[What is needed]
Whenever a line below holds the word "Gate", count it; please give only the final number.
Start of Excerpted records
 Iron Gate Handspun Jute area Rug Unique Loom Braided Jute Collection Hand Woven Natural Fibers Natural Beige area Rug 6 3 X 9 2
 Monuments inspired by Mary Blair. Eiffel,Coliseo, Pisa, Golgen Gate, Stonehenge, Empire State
End of Excerpted records
Start of Excerpted records
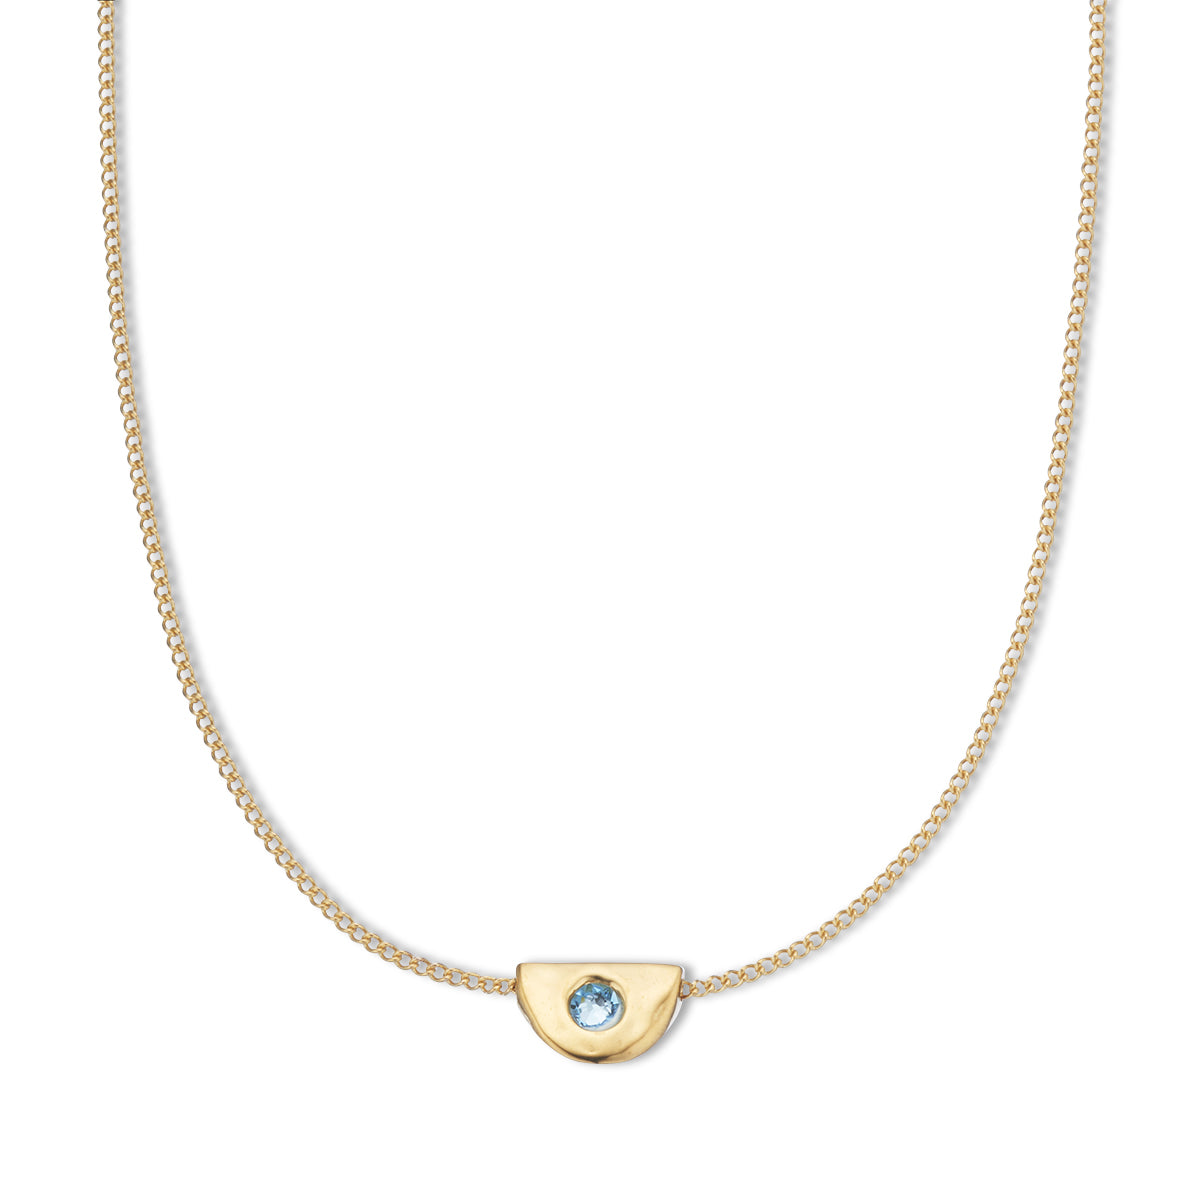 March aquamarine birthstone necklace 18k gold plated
End of Excerpted records
[Worked solution]
2